The organ is an instrument –that is too massively impressive to be ignored. The Philadelphia Orchestra dedicated a concert on November 17-19 to the celebration of the 10th anniversary of Verizon Hall’s Fred J. Cooper Memorial Organ (an organ of nearly 7,000 pipes!). This concert showed off the very best of what the organ can do–specifically for organist extraordinaire Paul Jacobs, a Curtis Institute of Music graduate and the only organist to ever earn a Grammy Award.

A resounding start

The concert got off to an entertaining start when concertmaster David Kim slid across the bench of the imposing instrument and played the A key to tune the orchestra. The first half of the concert program offered Philadelphia Orchestra world premieres past and present: Samuel Barber’s Toccata festiva and Pulitzer Prize-winning composer Christopher Rouse’s organ concerto. Barber composed this work in 1960 to celebrate the arrival of a new organ at the Academy of Music. The vibrant concert co-opener showcased Jacobs’ ability to show flashes of virtuosity among many lyrical phrases. During the bravura cadenza section, Jacobs used only the pedal in a wonderful display of his quick-as-lightning feet.

Philadelphia Orchestra
Composer Christopher Rouse (left), organ soloist Paul Jacobs (center), and Philadelphia Orchestra Music Director Yannick Nézet-Séguin, and the Orchestra musicians acknowledge the applause following the world premiere of Rouse’s Organ Concerto in Verizon Hall at the Kimmel Center, November 17, 2016. Photo credit: Jessica Griffin/Philadelphia Orchestra.

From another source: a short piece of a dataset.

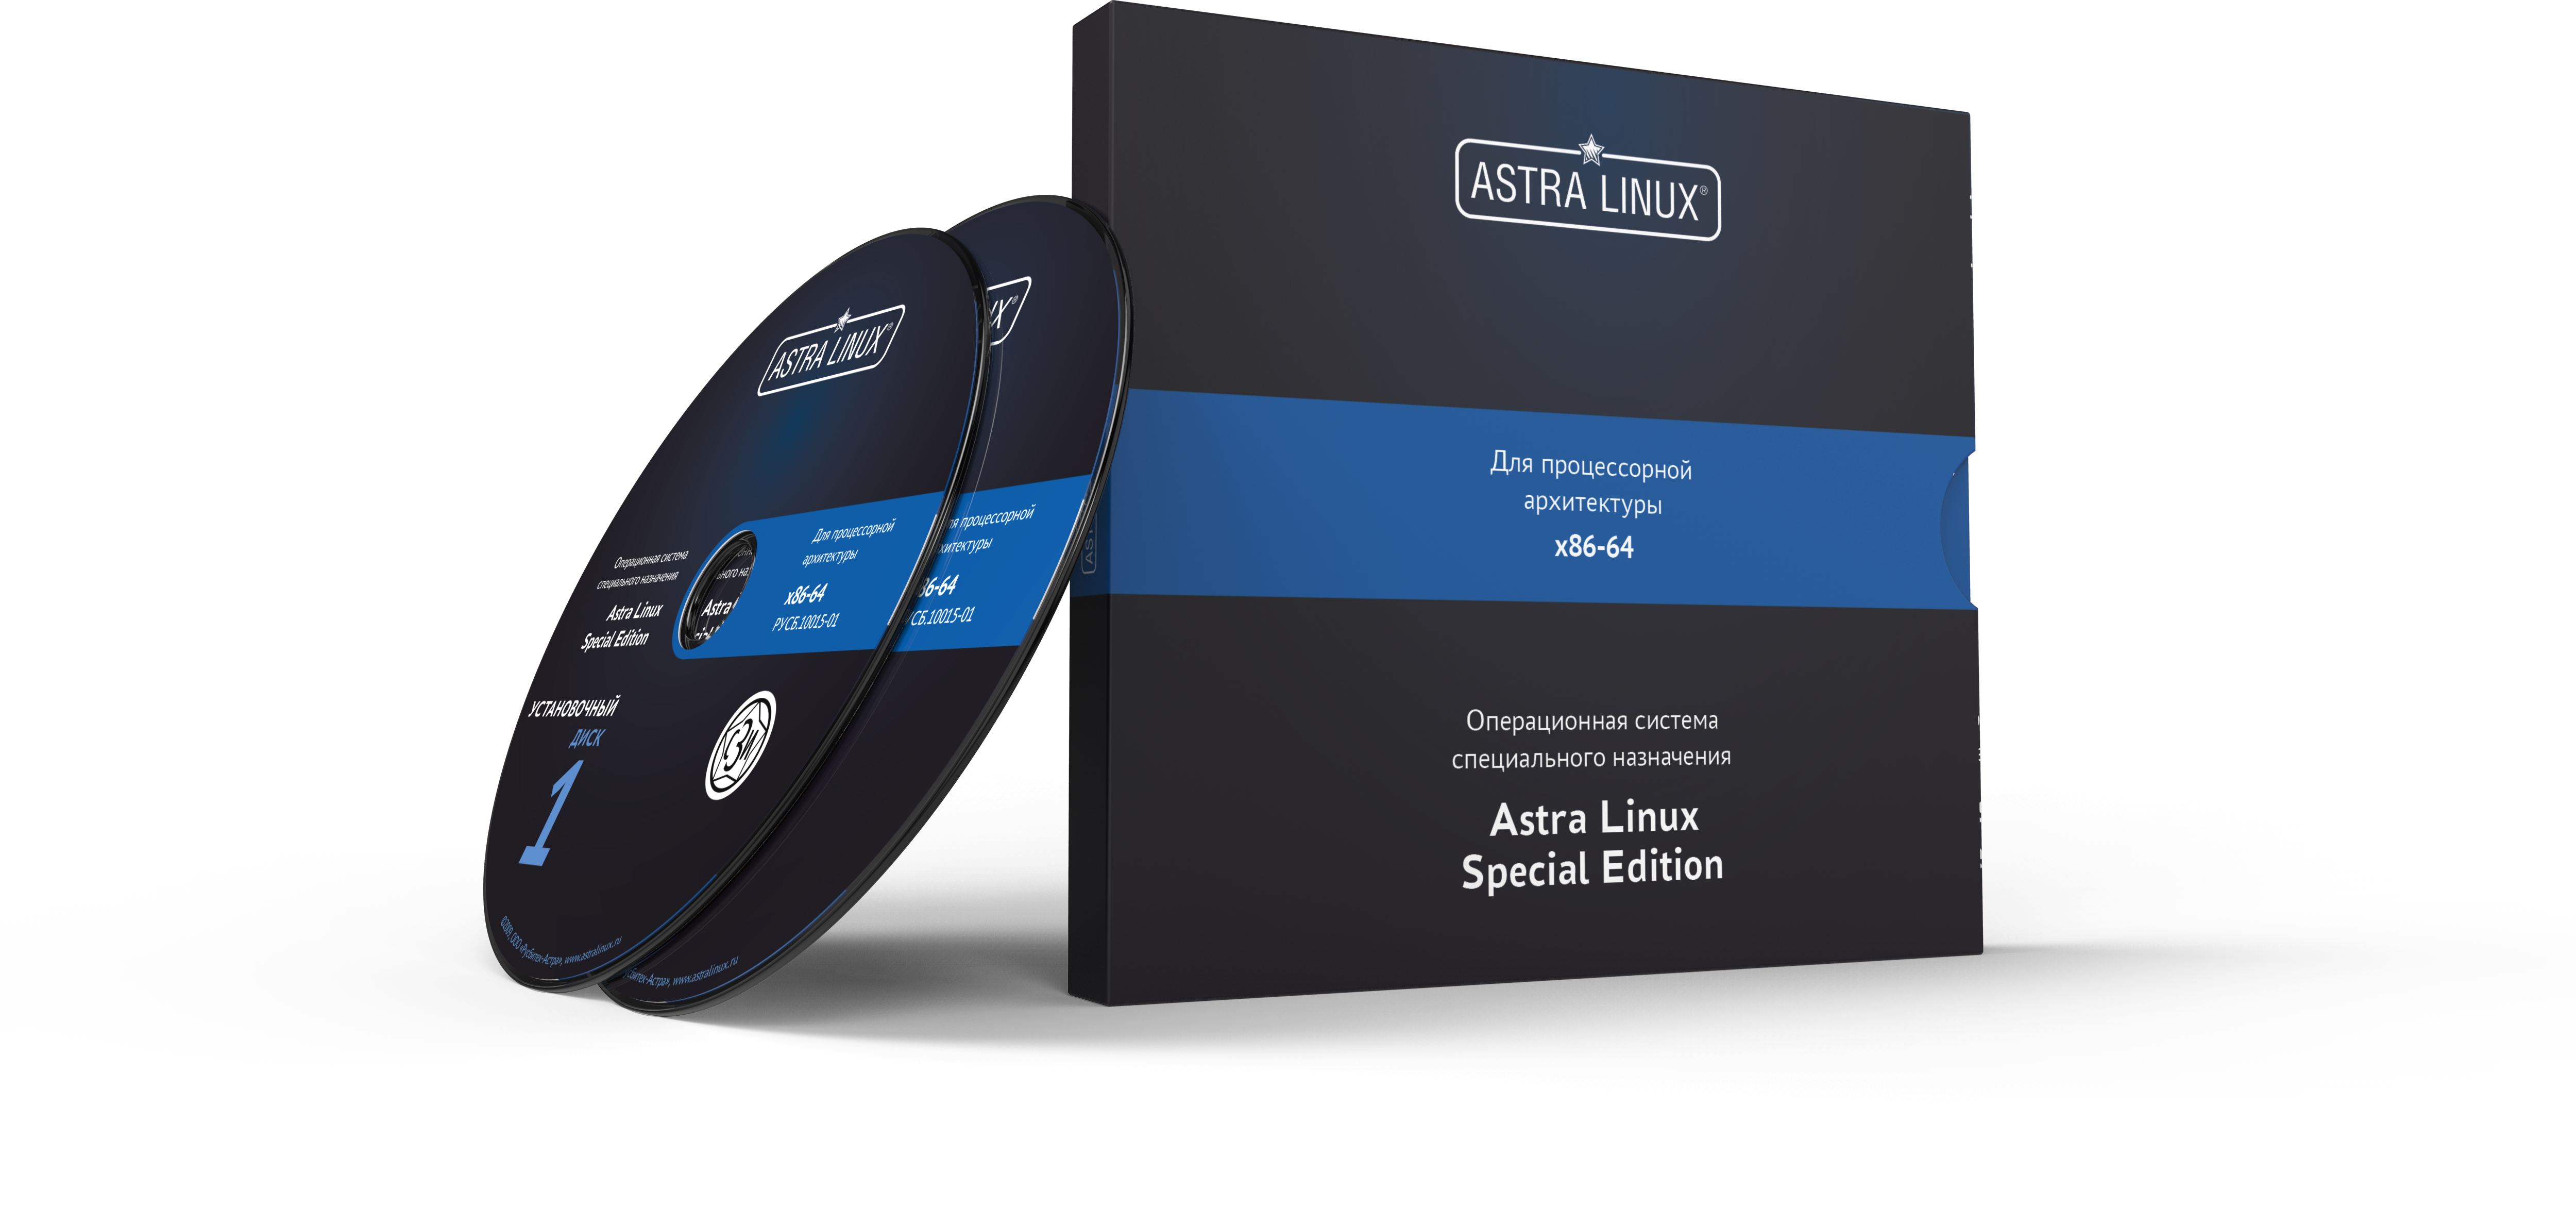 Astra Linux Special Edition 1.7 - Орел, электронный, без огр. срока, ТП "Привилегированная" на 24 мес.

The world premiere of Rouse’s organ concerto began with a dissonant clash. The tense first movement sent a shockwave across Verizon Hall with startling chords, and flourishes of brass livened the work even more with exuberant colors. This dissonance existed within the consonant tonal framework written for the Orchestra, and at times overwhelmed it.

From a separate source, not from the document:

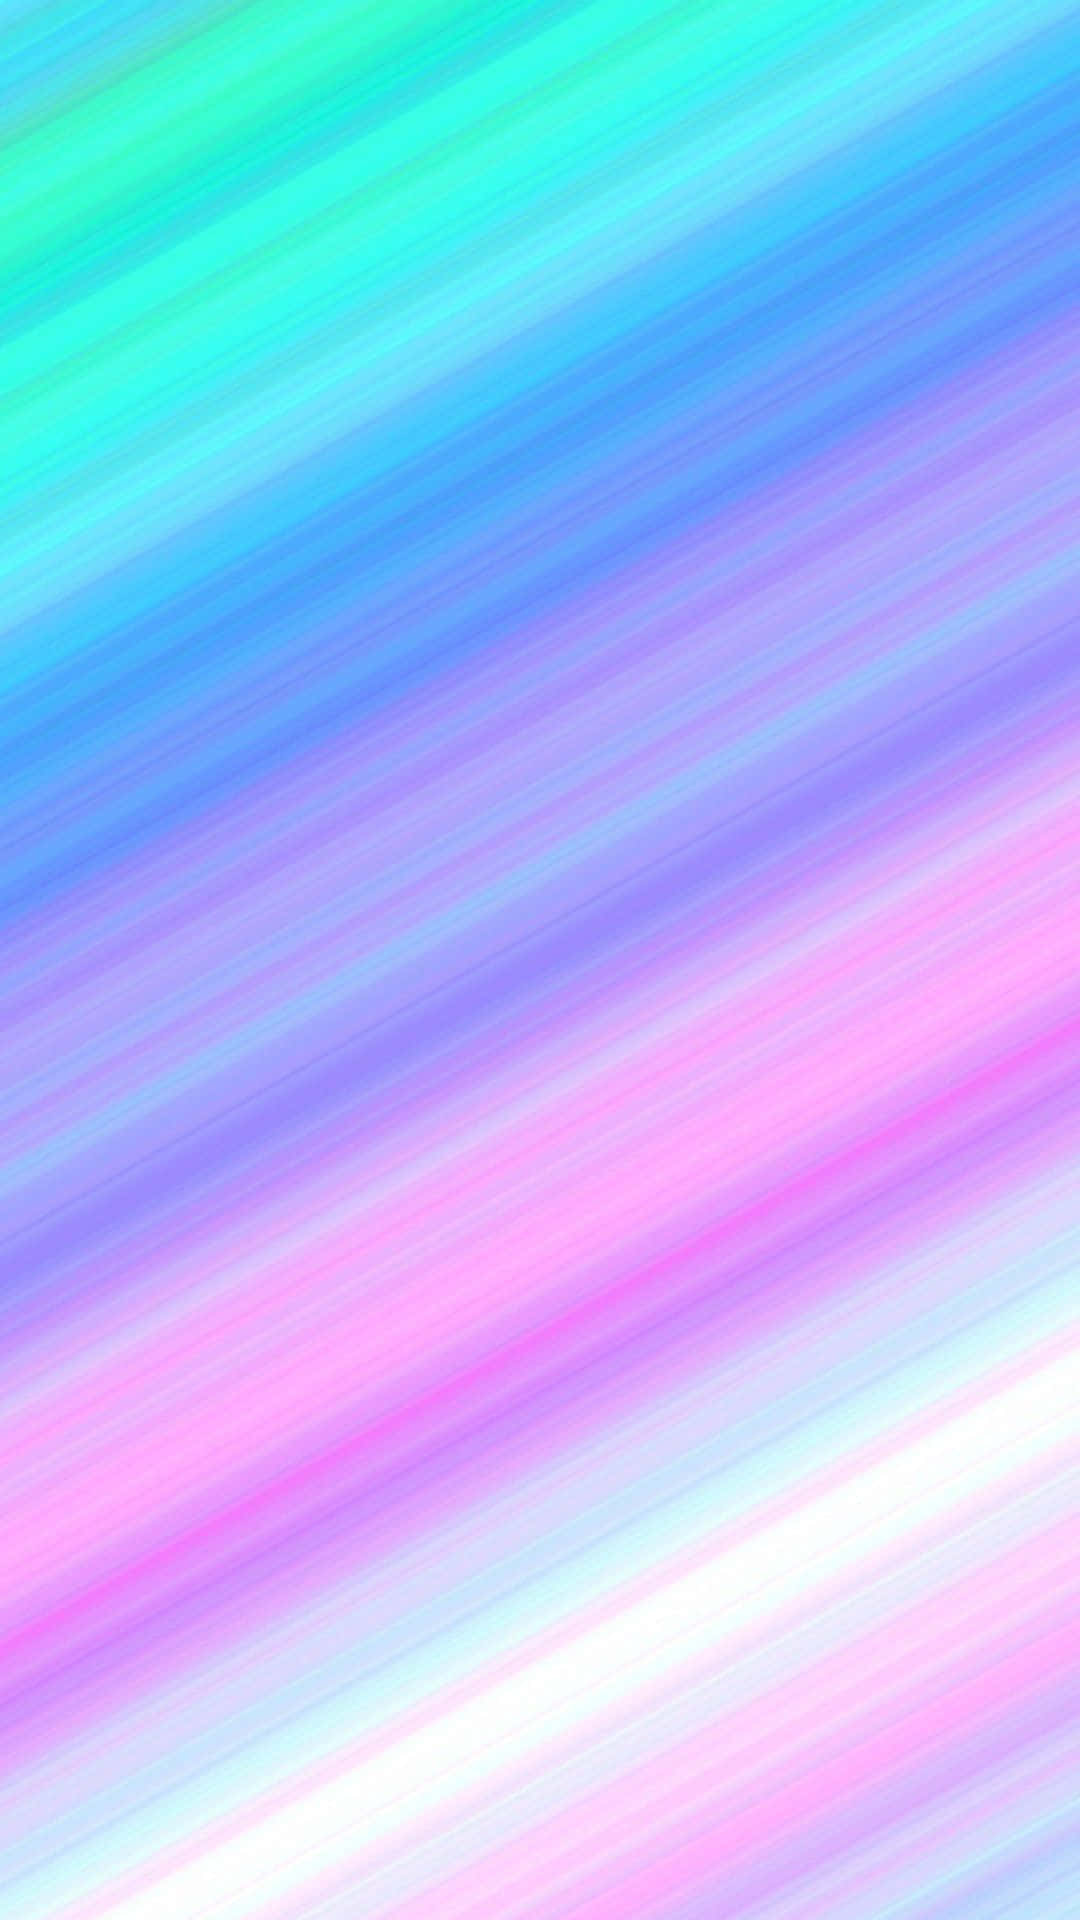 Einhintergrund Mit Einem Blau-rosa Farbverlauf Und Einem Regenbogeneffekt. Wallpaper

From Saint-Saens to Schubert

The second half of the program was saved for Camille Saint-Saens’ Symphony No. 3 in C Minor, also known as the “Organ Symphony”. Saint-Saens dedicated his third symphony to Franz Liszt (renowned composer and supporter of Saint-Saens), who had once united organ and orchestra together in his symphonic poem Hunnenschlacht. Nearly 30 years following that composition, Saint-Saens felt inspired by Liszt and decided to take it a step further into a full symphony.

During the symphony’s first movement, Saint-Saens makes a clever reference to Schubert’s “Unfinished” Symphony (arguably a career-best work for Schubert) in the introductory moments with an eerily similar melodic run of sixteenth notes. Conductor Yannick Nezet-Sequin’s jubilant vigor (a joy to watch!) kept the musicians’ motors going even in the symphony’s most serene passages.

Jacobs, who at 23 performed J.S. Bach’s complete organ works in an 18-hour marathon for the 250th anniversary of the composer’s death, was coaxed by Nezet-Sequin to perform Bach’s Prelude and Fugue in A Minor as an encore. Through the use of sensitively varied dynamics (a range of loud and soft volumes), Jacobs illustrated Bach’s attention-demanding lines with full command of every new musical idea that entered. In an underused marriage of organ and orchestra, organist Paul Jacobs showed off his own immaculate skills as a musician while letting the audience hear the potential of how expressive the organ can be.